Itulah 2 contoh iklan dari ribuan iklan yang mengajak swinger atau threesome. Mungkin kalau threesome sudah tidak terlalu asing ditelinga, tapi kalau swinger itu yang mungkin terdengar aneh. Secara definitif, swinger adalah melakukan hubungan seks antara pria dan wanita secara bersamaan dengan beberapa pasangan, kemudian saling menukar pasangan atau partner seksnya dalam group itu. Singkatnya, swinger itu aktivitas seks dengan cara bertukar pasangan (suami/istri).
Swinger cenderung dilakukan oleh pasangan suami istri atau pasangan kekasih yang ingin merasakan sensasi berbeda dari sebuah perilaku seks. Jangan membayangkan para pelaku swinger yang memasuki kepala 3 atau 4, kini pergesaran swinger sudah merambah ke yang kepala 2, karena dianggap lebih kuat, lebih “liar” dan lebih menggoda serta lebih open minded. Satu hal yang harus digaris bawahi, pelaku swinger ini bukanlah para PSK ataupun gigolo, karena mereka sangat hati-hati dalam “bermain”.
Bicara sejarah, swinger memang bukan fenomena baru. Sejak berabad lalu berbagai literatur telah menggambarkan perilaku saling bertukar pasangan seksual ini. Bahkan di Eropa, sedikitnya tercatat seribuan klub yang aktif. Di Jakarta sendiri, para swinger ini saling bertemu di sebuah kafe atau klub malam, bila cocok maka tinggal mencari kamar di hotel.
Untuk mengetahui lebih jauh mengenai swinger ini, saya mencoba menghubungi sebuah no handphone yang saya dapat dari sebuah iklan.
Indra, sebuat saja begitu, pria 39 tahun ini mengaku baru pertama kali melakukan swinger. Istrinya sendiri berusia 38 tahun, dan memiliki 3 orang anak. Diakui Indra, awal dirinya mengetahui swinger dari sekedar iseng browsing dunia maya dan mendengar dari mulut temannya. Menemukan sebuah forum bagi pecinta swinger, akhirnya dia mulai ikut-ikutan promosi. Keinginannya buat swinger pun bukan keinginan sepihak, tapi juga mendapat restu dari sang istri. Tak tanggung-tanggung dirinya mengizinkan bila nantinya dia melakukan aktivitas seks dengan istri partnernya ataupun bila sang istri dipake oleh suami sang partner. Dia juga tidak menampik bahwa dirinya lebih suka bermain “keroyokan”. Tidak hanya itu, dia dan istrinya mau swinger atau threesome dengan orang lain hanya untuk mendapatkan SENSASI BERBEDA DALAM MELAKUKAN AKTIVITAS SEKS. Saya pun coba bertanya, apa dia mau threesome dengan saya? Terdengar santai, dia pun langsung mengiyakan. Bahkan dirinya akan semakin bergairah bila melihat istrinya “digoyang” pria lain. Masalah tempat tidak perlu dipertanyakan, bila cocok langsung tinggal booking sebuah kamar. Untuk pembicaraan selanjutnya, tidak perlu saya beberkan karena sudah mengarah ke pembicaraan yang lebih intim, maaf.

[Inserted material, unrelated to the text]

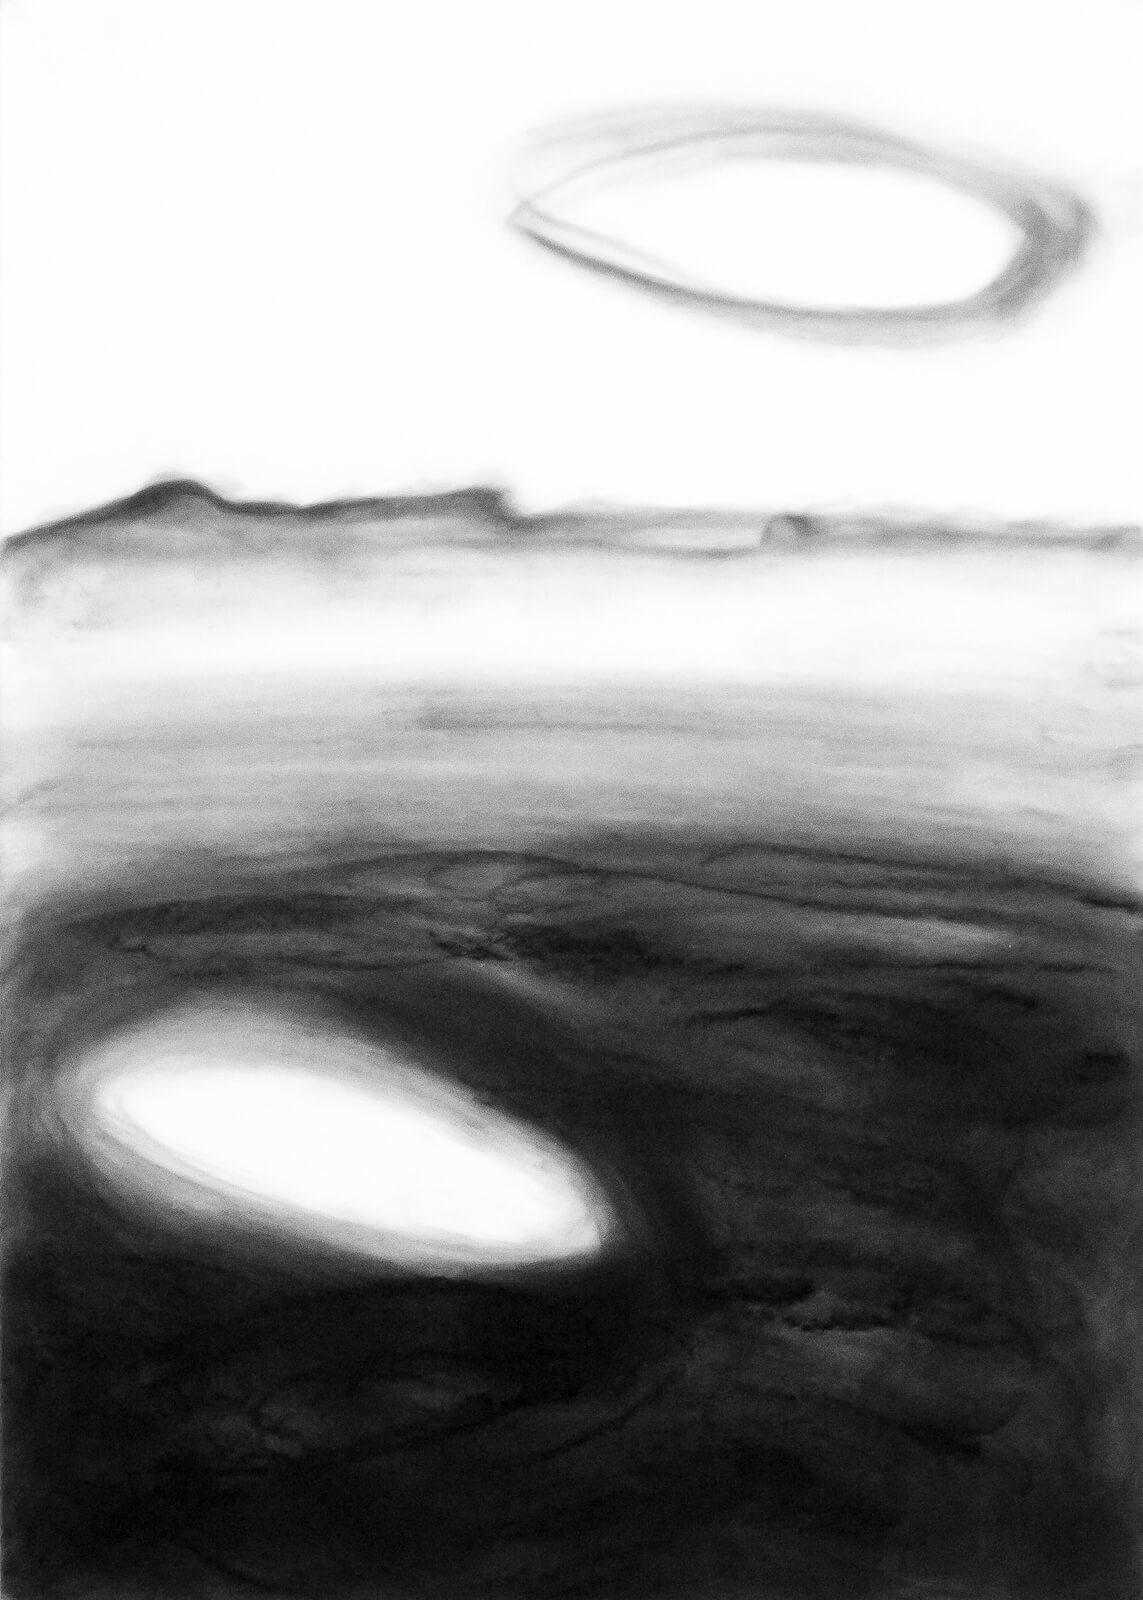 Axis Mundi 2:7, charcoal on paper, 60 x 40 cm

Dengan melihat rasa santai dari Indra dalam berkomuniksi dengan saya, sepertinya dia sudah paham betul dengan apa yang akan dia lakukan. Sensasi berbeda adalah sesuatu yang ingin dirasakan para swinger agar mendapat kepuasaan tersendiri. Bukan cuma di ibukota, swinger juga sudah merambah ke semua kota-kota besar di Indonesia. Swinger juga belum dapat dikatakan sebagai gaya hidup karena belum ada penelitian yang memberikan data valid. Namun yang pasti, rata-rata pelaku swinger adalah para pasangan yang memiliki hidup mapan akibatnya swinger terlihat seperti kebutuhan tersendiri dalam mencari kepuasan “ranjang”.
Disatu sisi, swinger jelas menggambarkan melorotnya moral dan batas-batas norma dalan kehidupan masyarakat. Sementara di sisi lainnya, swinger juga menjadi sebuah trend urban yang dilakoni oleh sebagian kecil masyarakat perkotaan. Meski masyarakat semakin acuh dan hidup egosentris, namun bukan berarti perilaku yang bebas seperti swinger dapat dibenarkan. Perilaku hedonis memang cenderung merugikan dan kerap membawa pada degradasi moral generasi pelakunya.
Kini tentunya semua kembali kepada diri kita, mengagungkan ego dan kepuasan sesaat ataukah kembali pada nilai-nilai “usang” yang mungkin terdengar kolot, karena kita tahu konsekuensinya serta kemana muaranya.